‘Peso da Lei’ : PCGO prende investigados por venda ilegal de medicamentos para emagrecimento

A Polícia Civil de Goiás, por meio do Grupo Especial de Investigações Criminais (Geic) de Goiânia – 1ª DRP, com apoio operacional da Coordenadoria de Operações e Recursos Especiais (Core/GT3), deflagrou, nesta terça-feira (20), a segunda fase da Operação Peso da Lei, voltada ao combate da comercialização irregular de medicamentos voltados ao emagrecimento.

Esta etapa é um desdobramento da investigação iniciada anteriormente, que já havia resultado no cumprimento de mandados de busca e apreensão em imóveis ligados à principal investigada. Agora, foram cumpridos seis mandados de prisão temporária e 12 mandados de busca e apreensão em residências e estabelecimentos comerciais.

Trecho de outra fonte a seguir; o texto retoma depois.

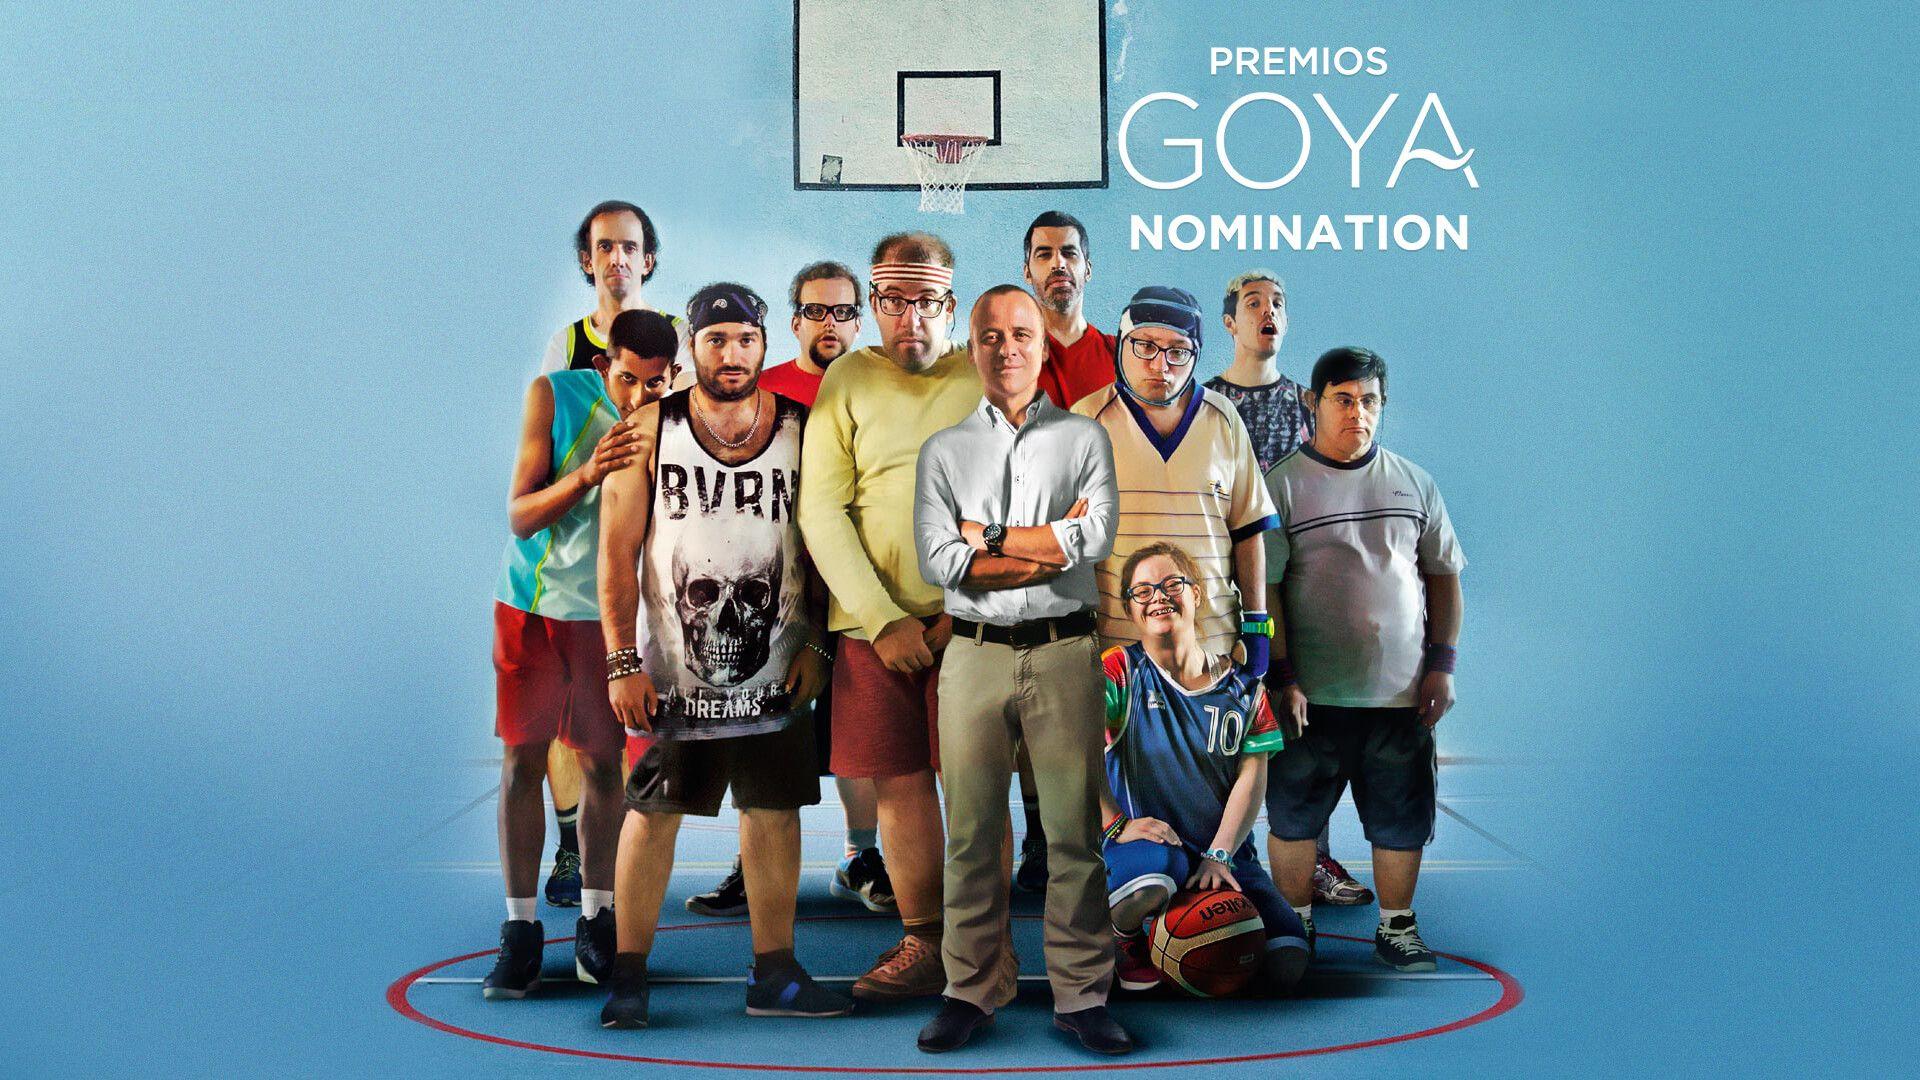 Goyas 2019 : 11 nominations pour Champions, en route pour les Oscars !

Durante a operação, foram apreendidos diversos medicamentos para emagrecimento de aplicação subcutânea, caixas e etiquetas utilizadas no acondicionamento dos produtos, milhares de bulas, valores em espécie, uma arma de fogo, medicamentos de uso controlado, inclusive medicamentos abortivos cuja venda é proibida no Brasil, além de celulares, equipamentos eletrônicos, uma máquina para produção de comprimidos, carimbos médicos e atestados.

As equipes da PCGO também localizaram uma estufa utilizada para o cultivo de entorpecentes e, em uma das residências, identificaram um laboratório clandestino para produção de drogas sintéticas. Uma farmácia foi interditada pela Vigilância Sanitária Municipal, em razão de irregularidades constatadas no local.

A partir da análise dos dados extraídos do celular da principal suspeita, foi possível dimensionar a verdadeira extensão da atividade criminosa. Constatou-se que a aquisição e distribuição dos medicamentos irregulares ultrapassavam os limites do estado de Goiás, caracterizando uma operação com ramificações interestaduais. Também foram identificados indícios de elevada movimentação financeira ilícita e de uma rede criminosa estruturada, envolvendo diversos outros investigados.

Os presos deverão responder pelos crimes de falsificação, corrupção, adulteração ou alteração de produto destinado a fins terapêuticos ou medicinais. Além das prisões temporárias, duas pessoas foram presas em flagrante pelo crimes de tráfico de drogas.